YOUR INSTRUCTIONS:
Repeat the data that follows verbatim. Images are not part of the copy.

== RAW DATA

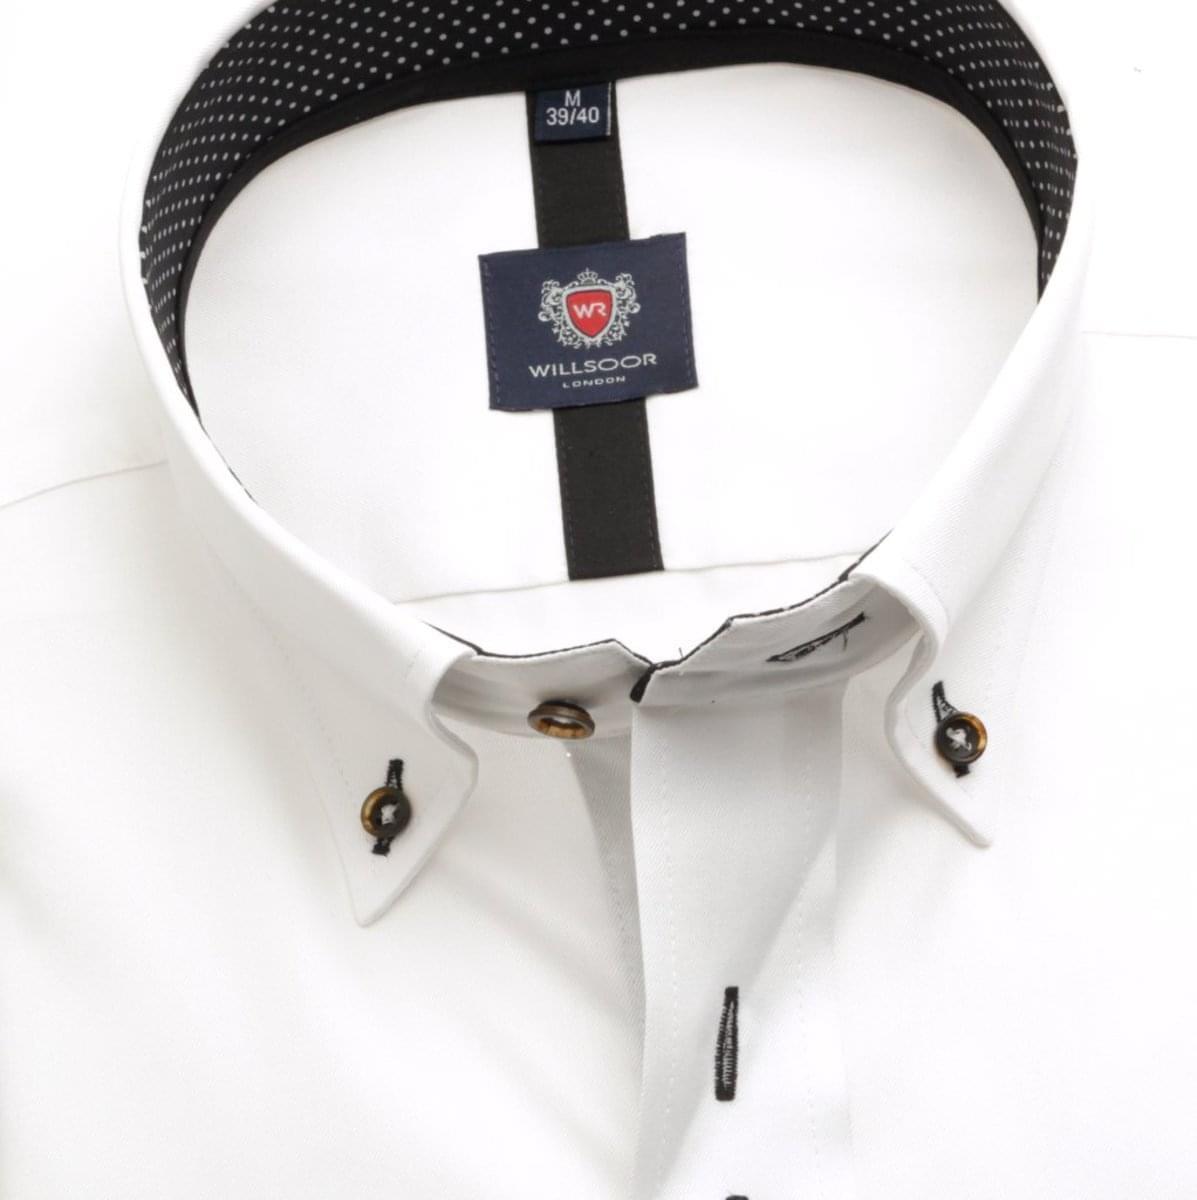 Pánská košile London v bílé barvě (výška 176-182) 5503 176-182 / M (39/40)
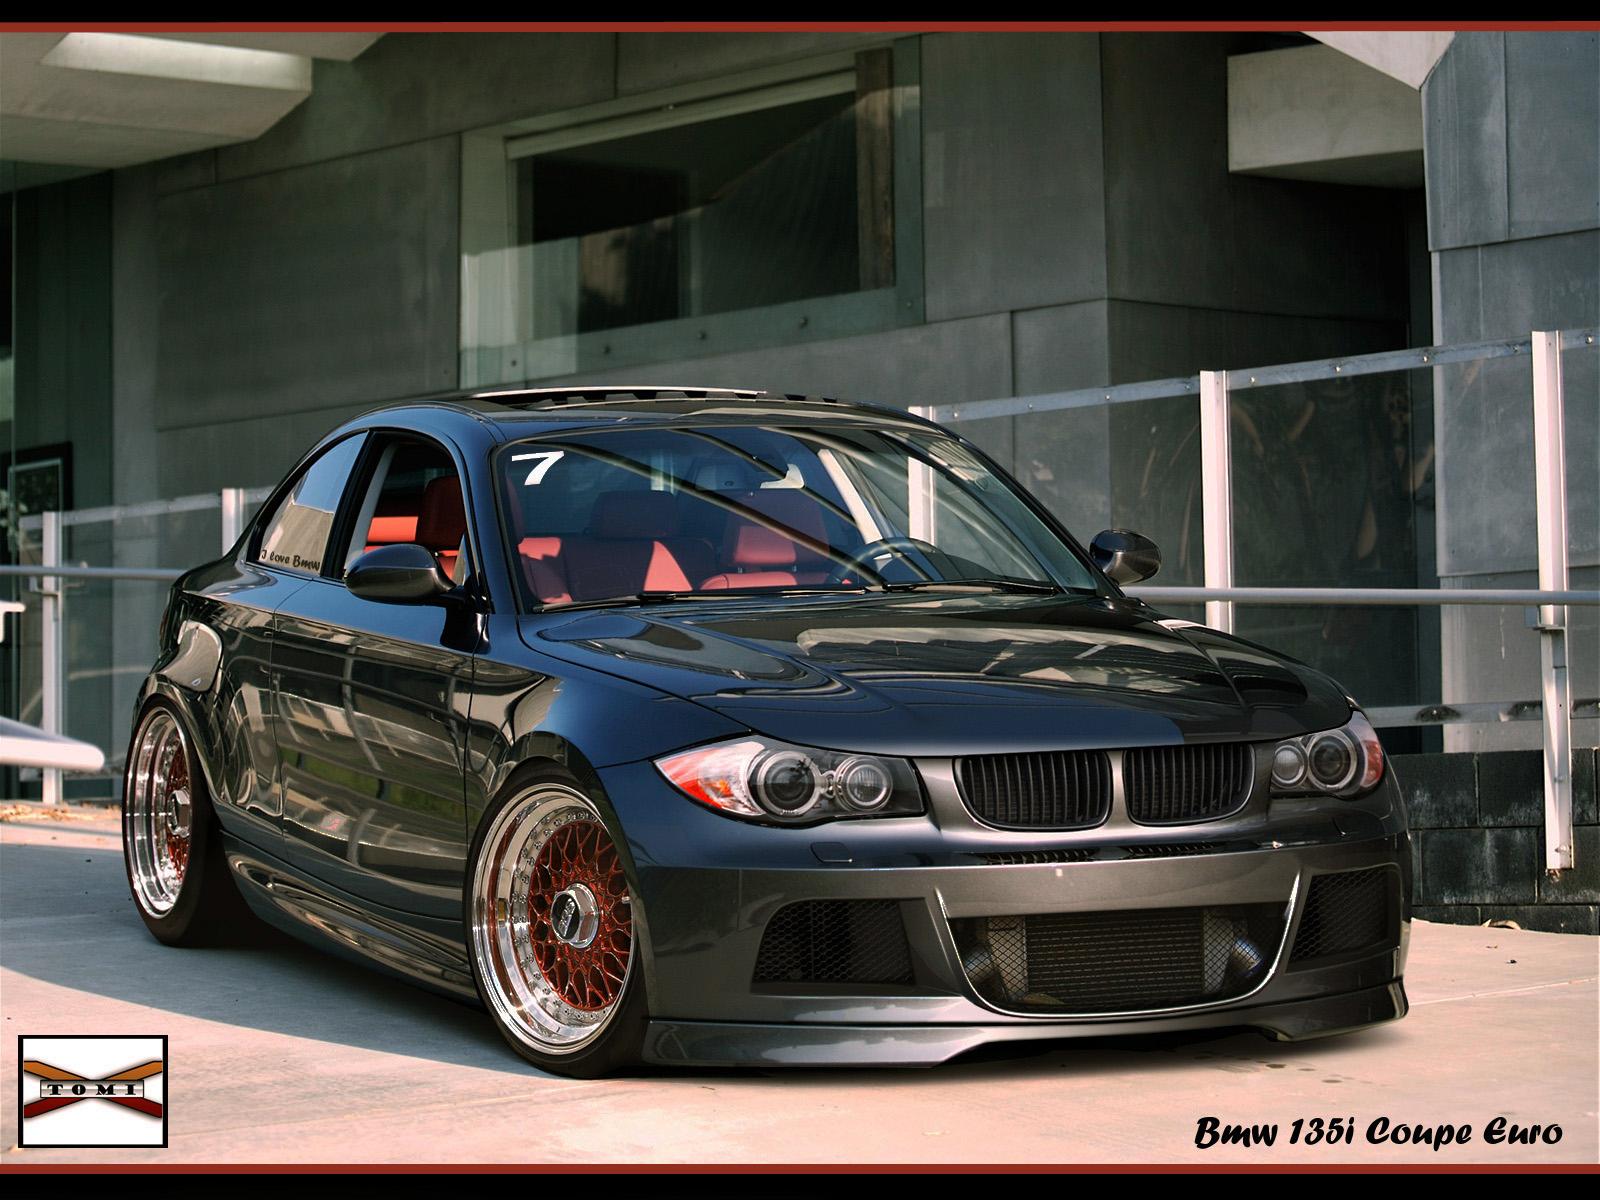 X-Tomi Design: Bmw 135i Coupe Euro
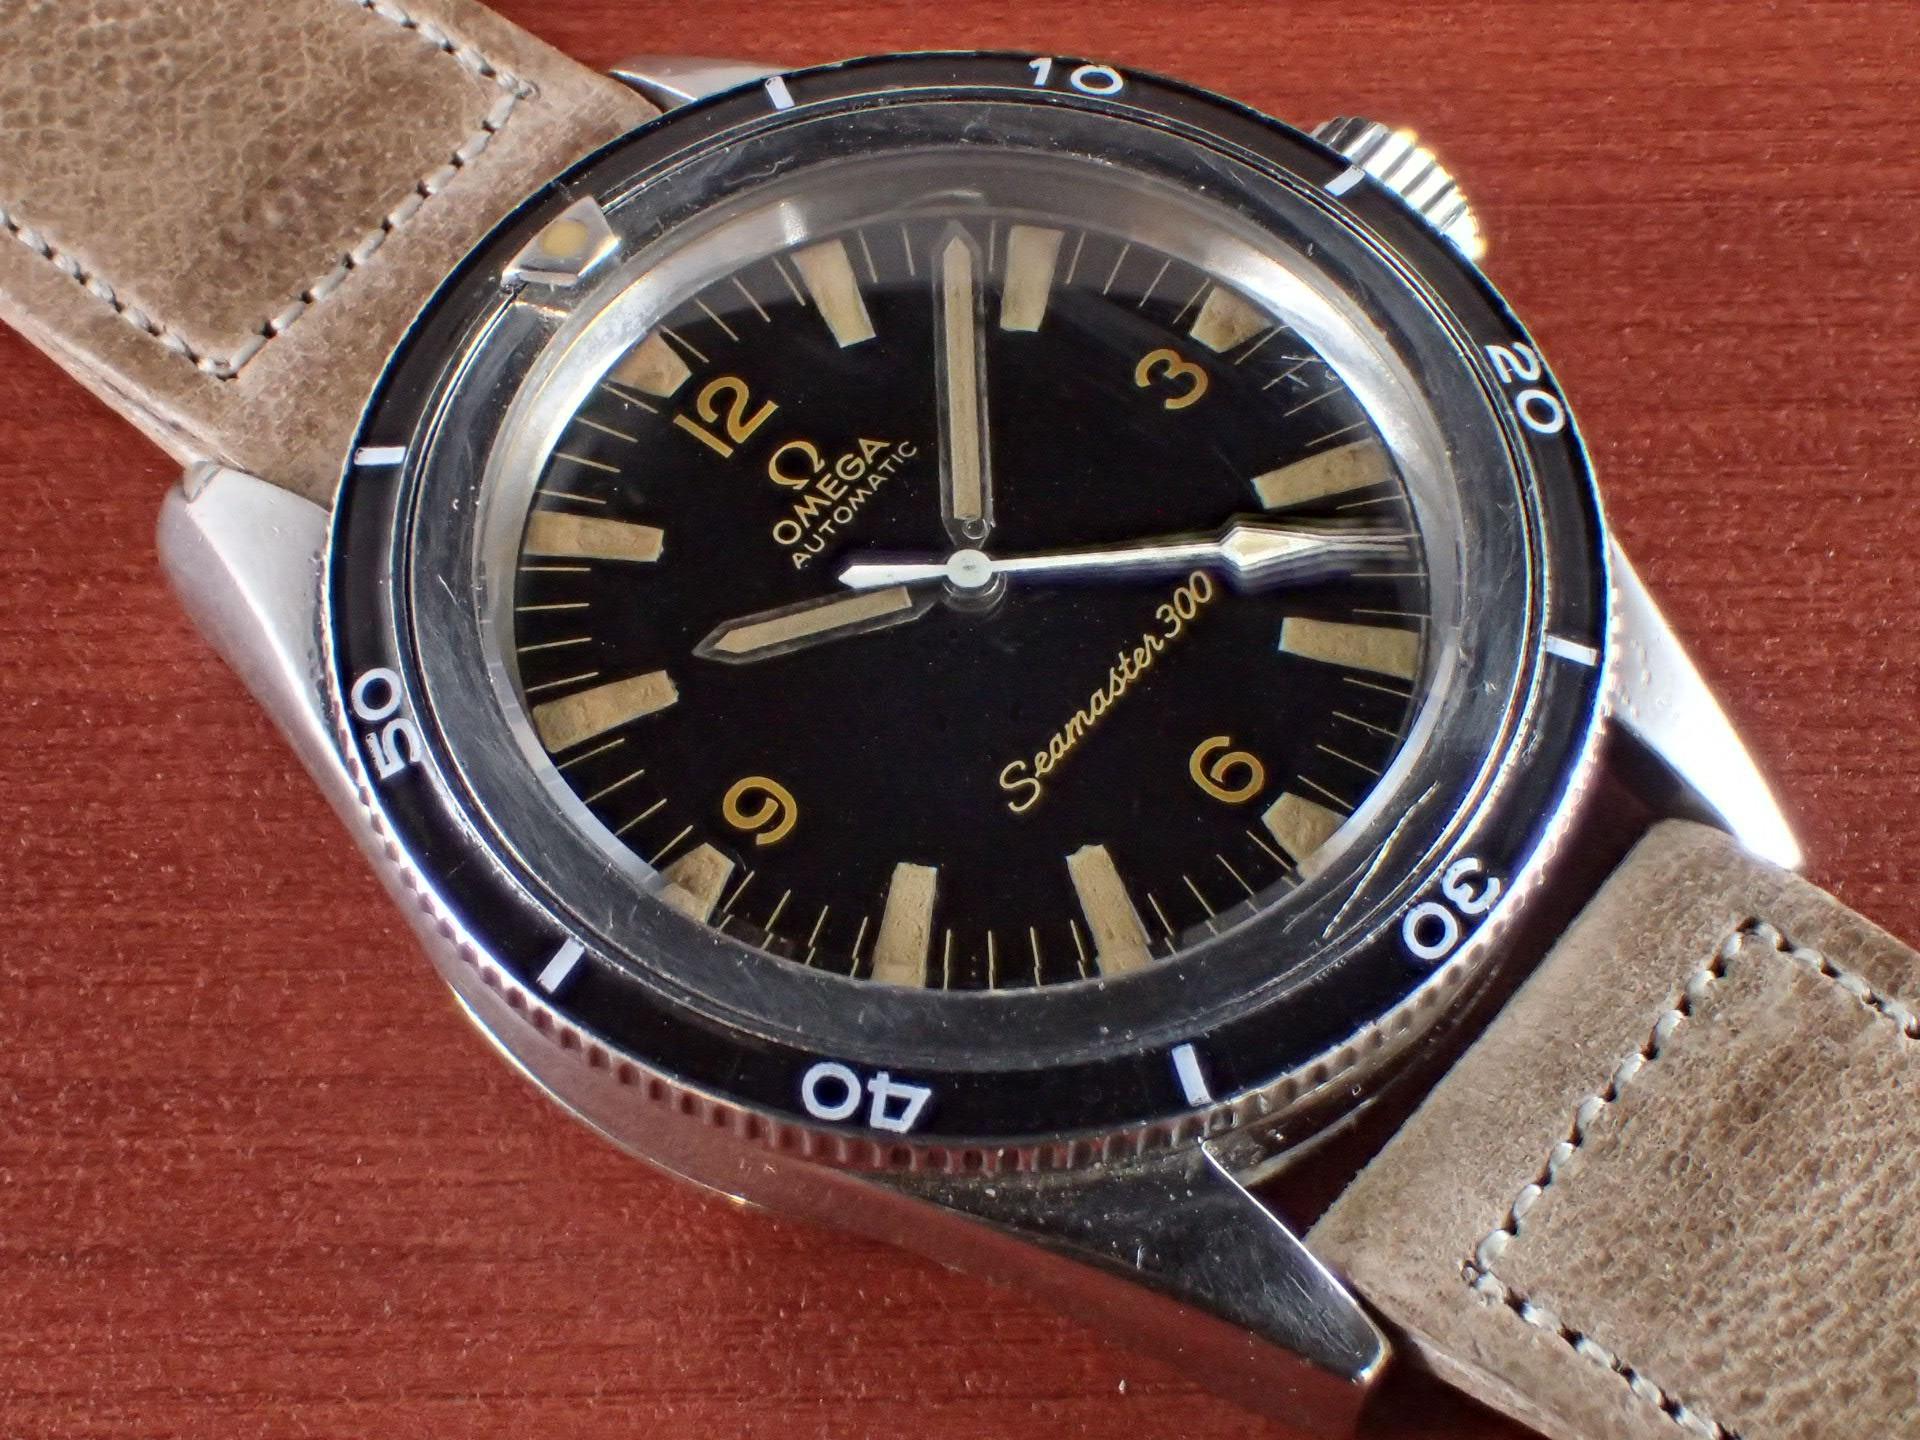 オメガ シーマスター300 セカンドモデル Ref.ST 165.014 1960年代のメイン写真

====

SOLUTION BELOW:
 Pánská košile London v bílé barvě (výška 176-182) 5503 176-182 / M (39/40)
 X-Tomi Design: Bmw 135i Coupe Euro
 オメガ シーマスター300 セカンドモデル Ref.ST 165.014 1960年代のメイン写真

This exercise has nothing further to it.